Your instructions –
Copy word for word the lines in the records below, starting at the line with "Стадион представляет из" and ending at the line with "Математика Домашнее задание". Skip the pictures.

Raw data –

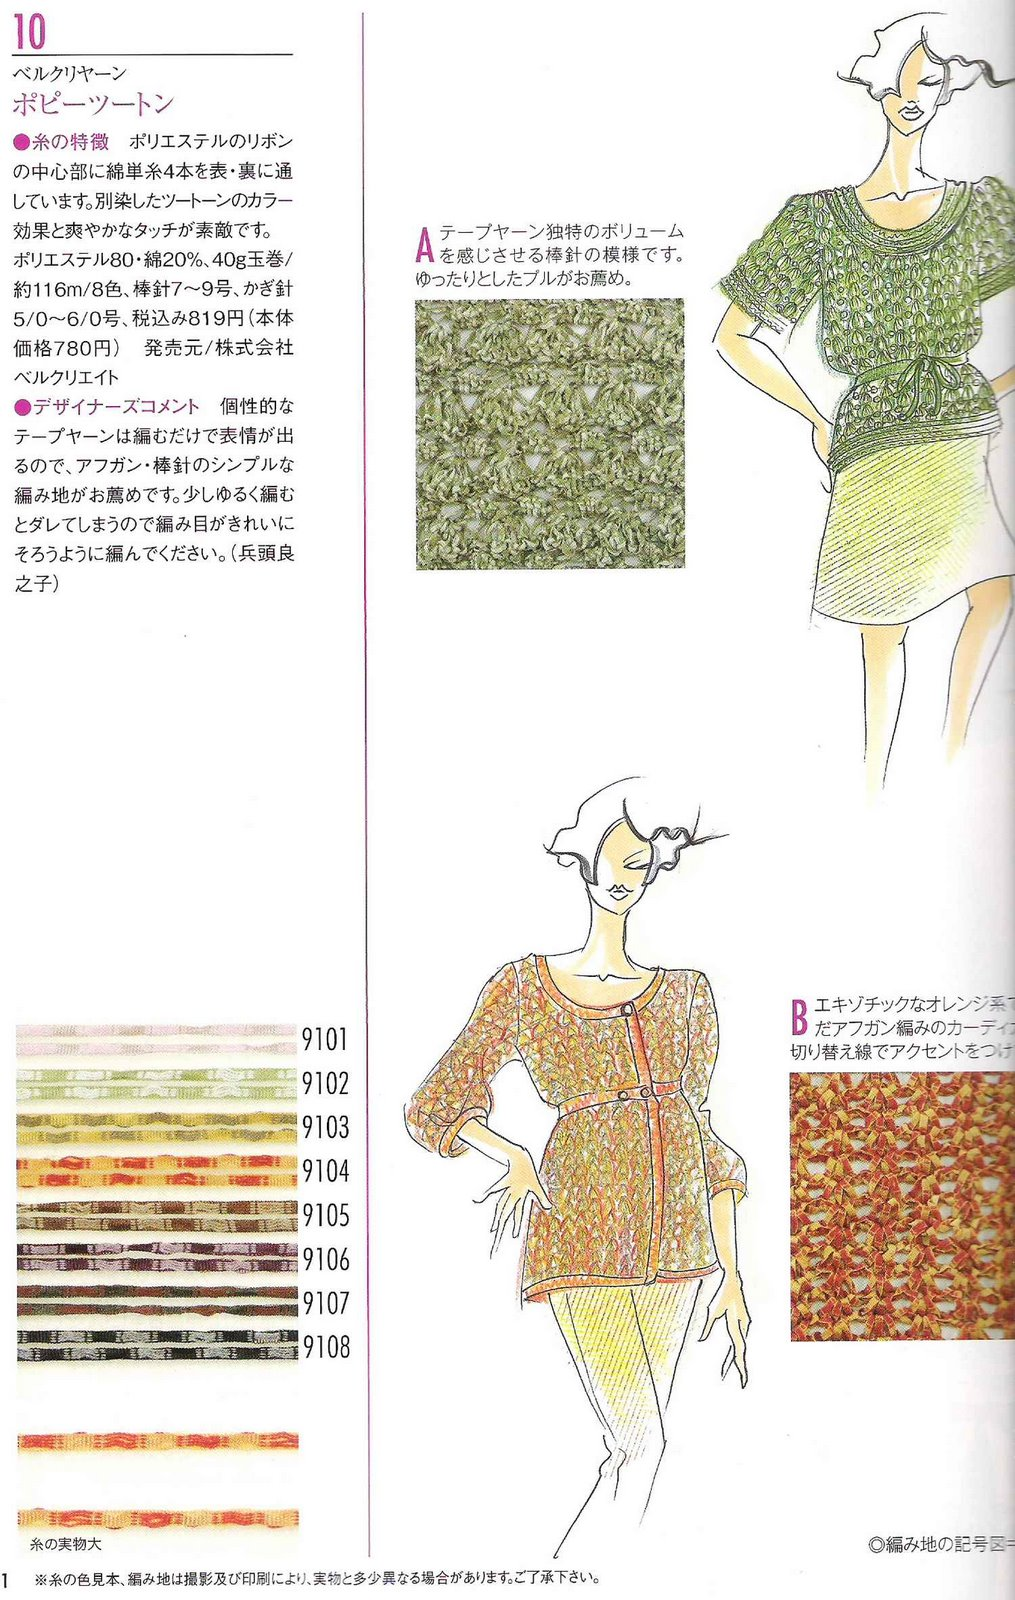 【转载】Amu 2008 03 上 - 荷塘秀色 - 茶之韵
* * *
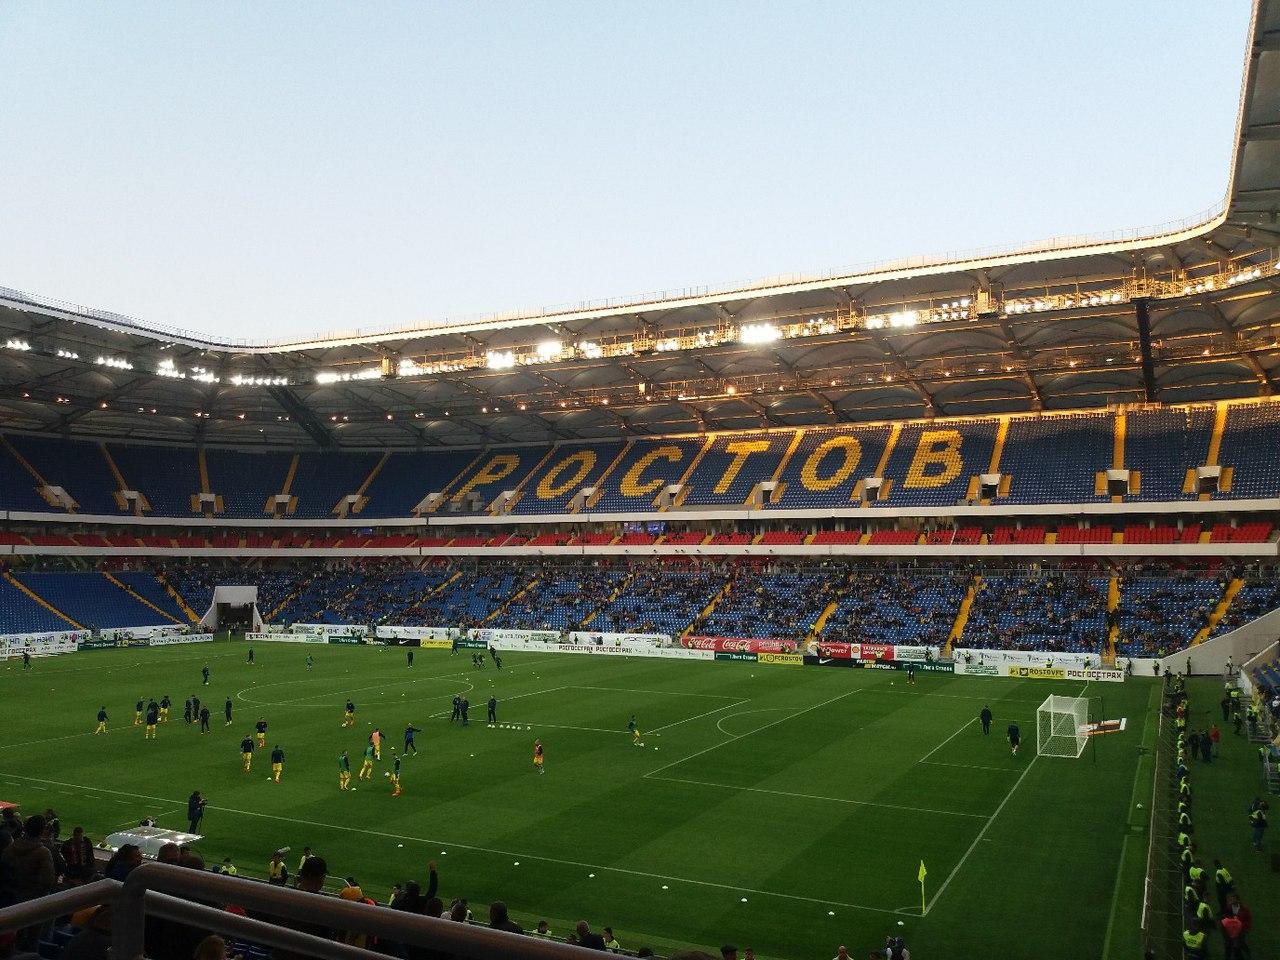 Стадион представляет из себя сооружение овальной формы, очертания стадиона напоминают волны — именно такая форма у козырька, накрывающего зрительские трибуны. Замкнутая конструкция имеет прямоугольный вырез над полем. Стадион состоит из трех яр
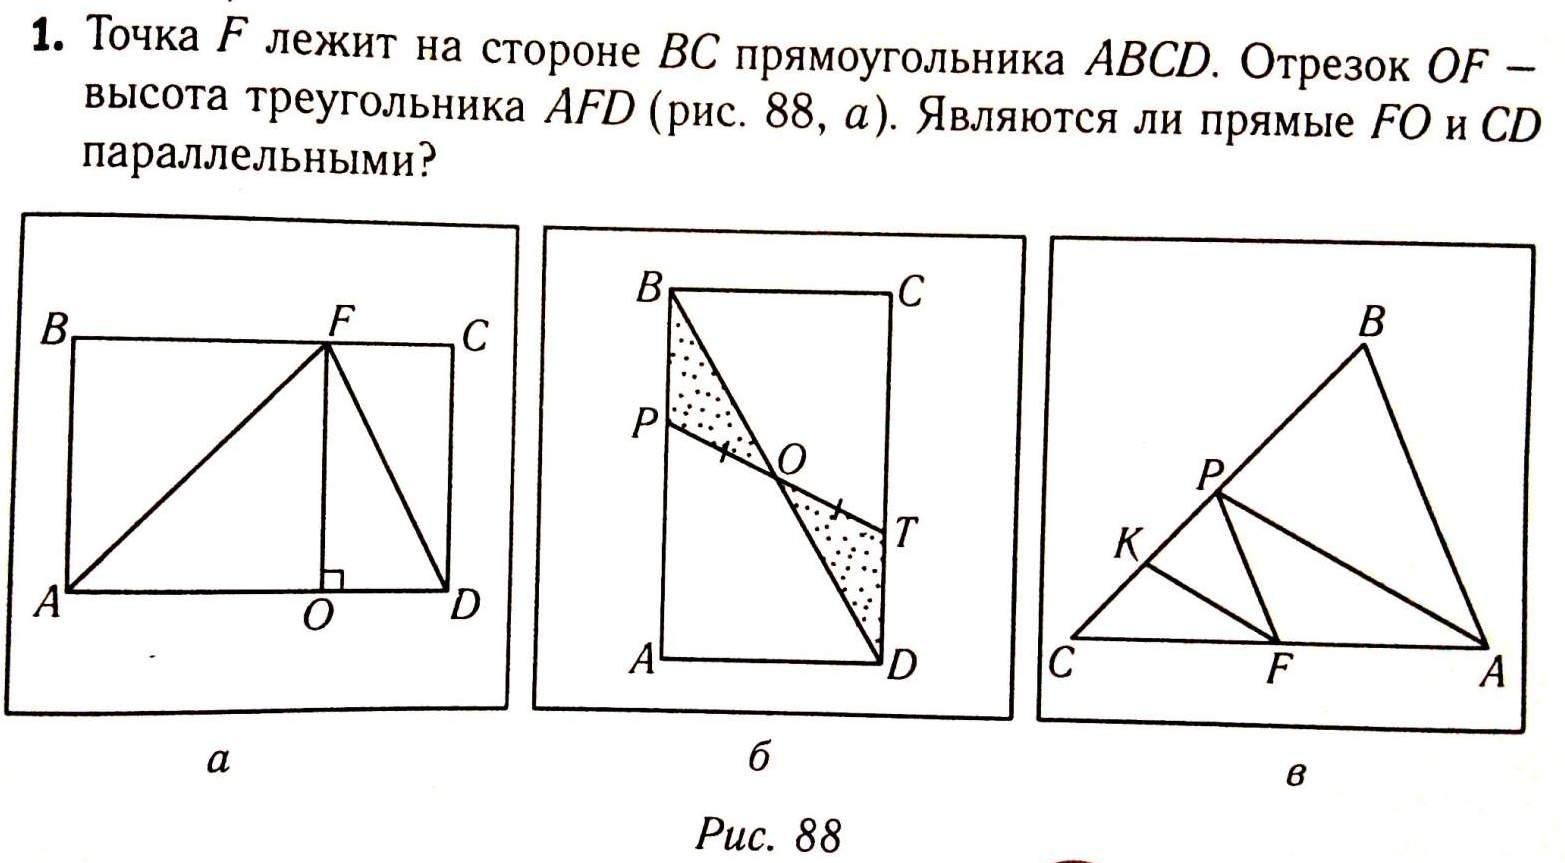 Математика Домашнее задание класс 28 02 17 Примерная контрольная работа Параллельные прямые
* * *
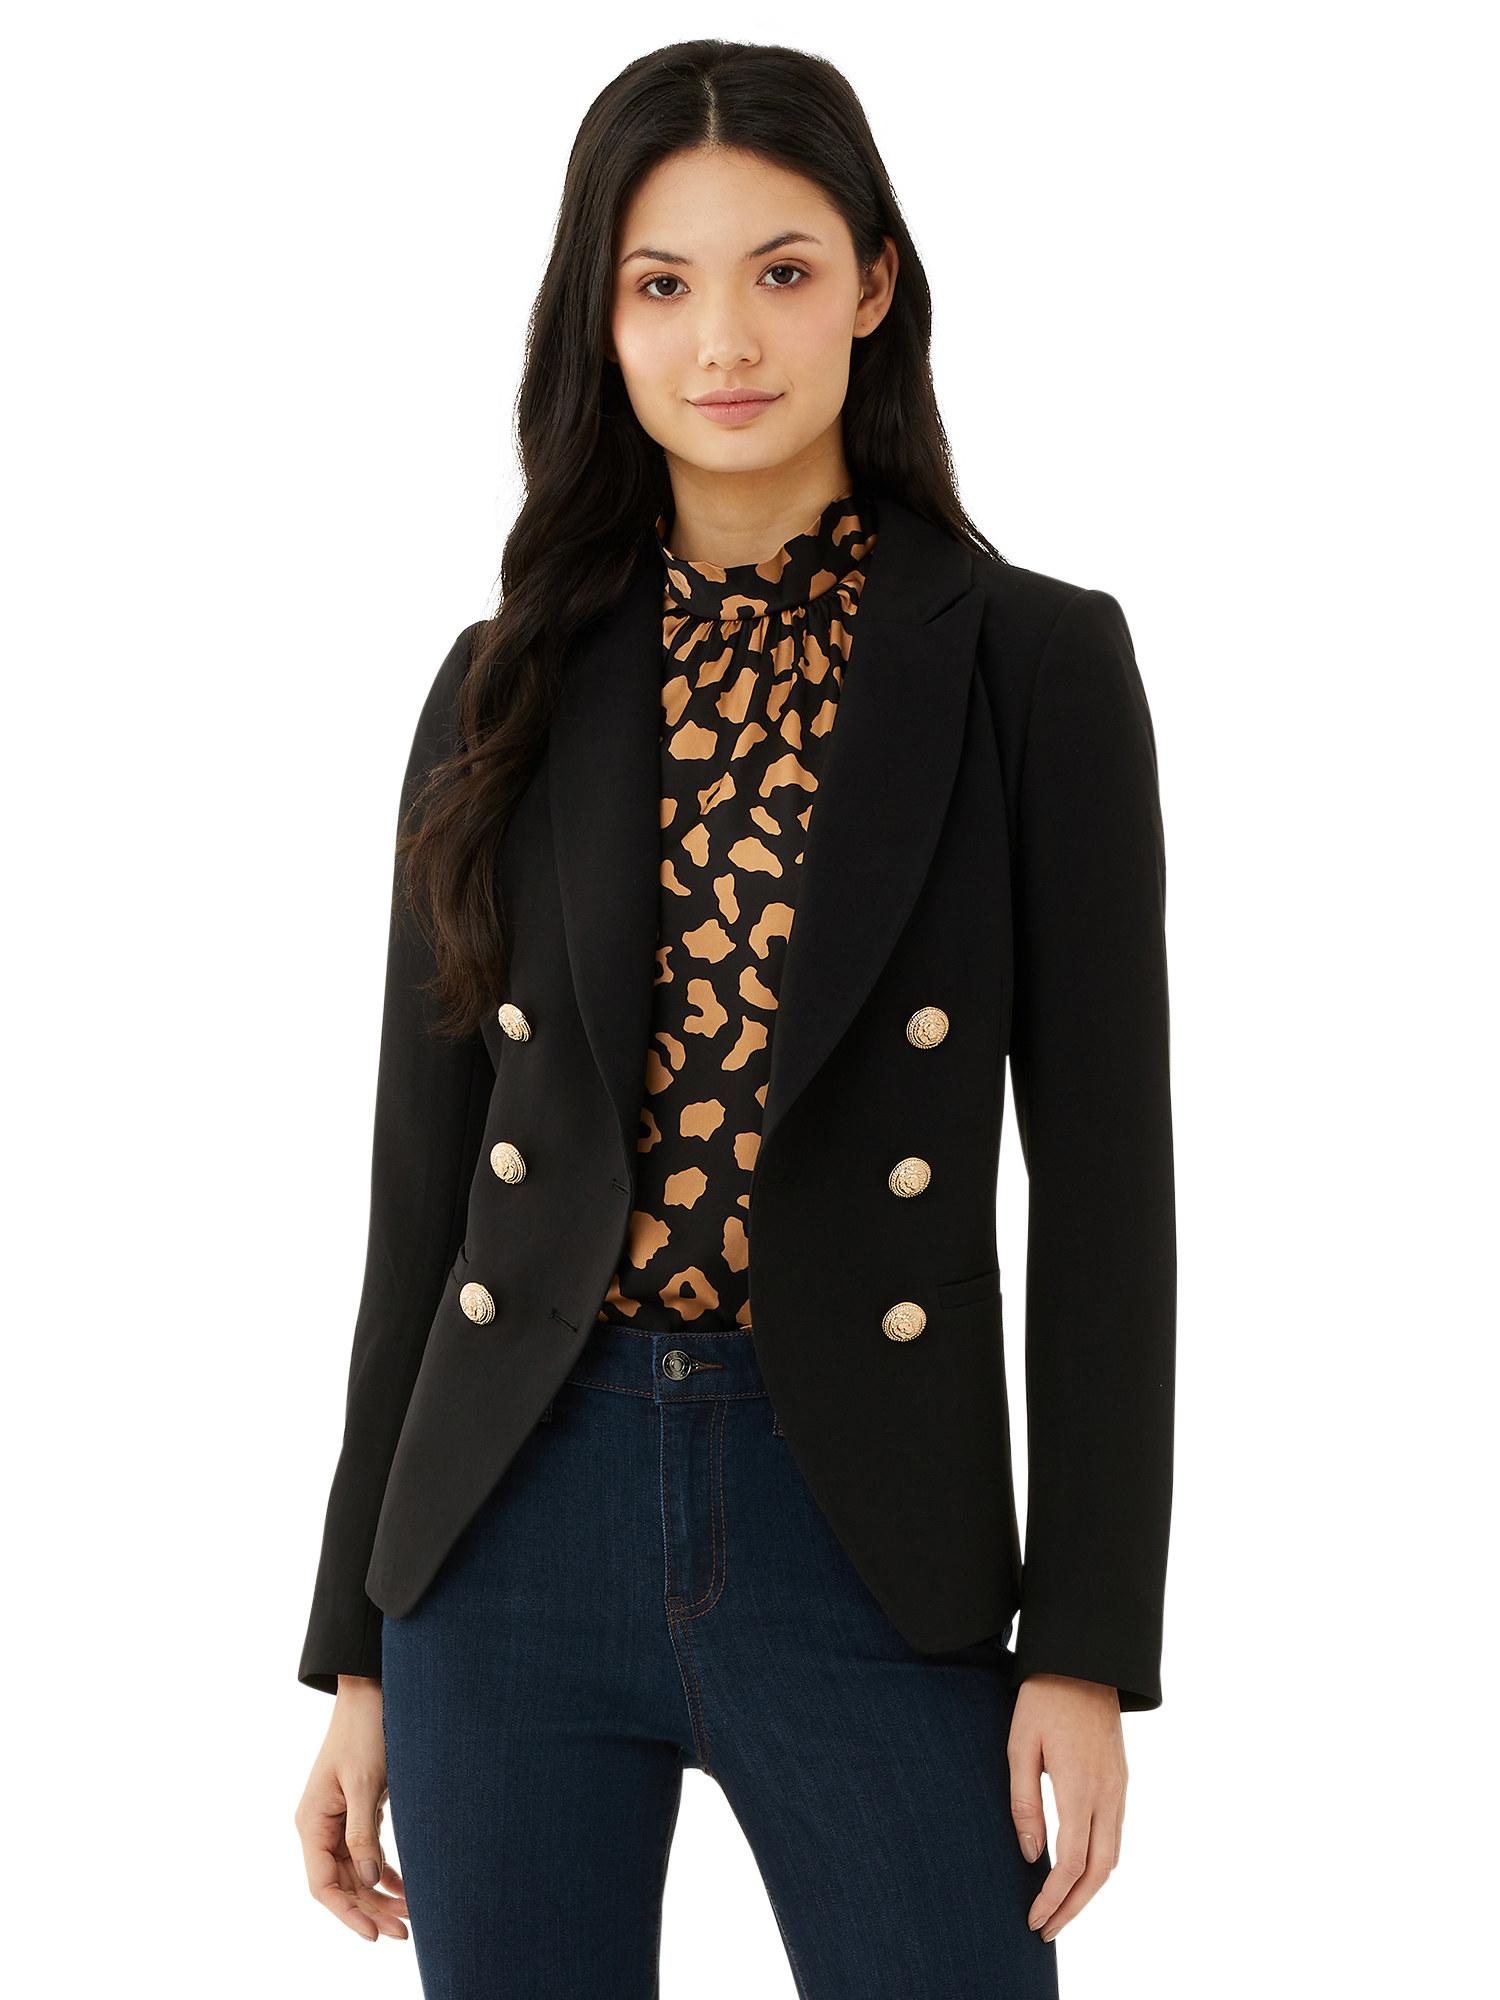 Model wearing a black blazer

Problem solution –
 Стадион представляет из себя сооружение овальной формы, очертания стадиона напоминают волны — именно такая форма у козырька, накрывающего зрительские трибуны. Замкнутая конструкция имеет прямоугольный вырез над полем. Стадион состоит из трех яр
 Математика Домашнее задание класс 28 02 17 Примерная контрольная работа Параллельные прямые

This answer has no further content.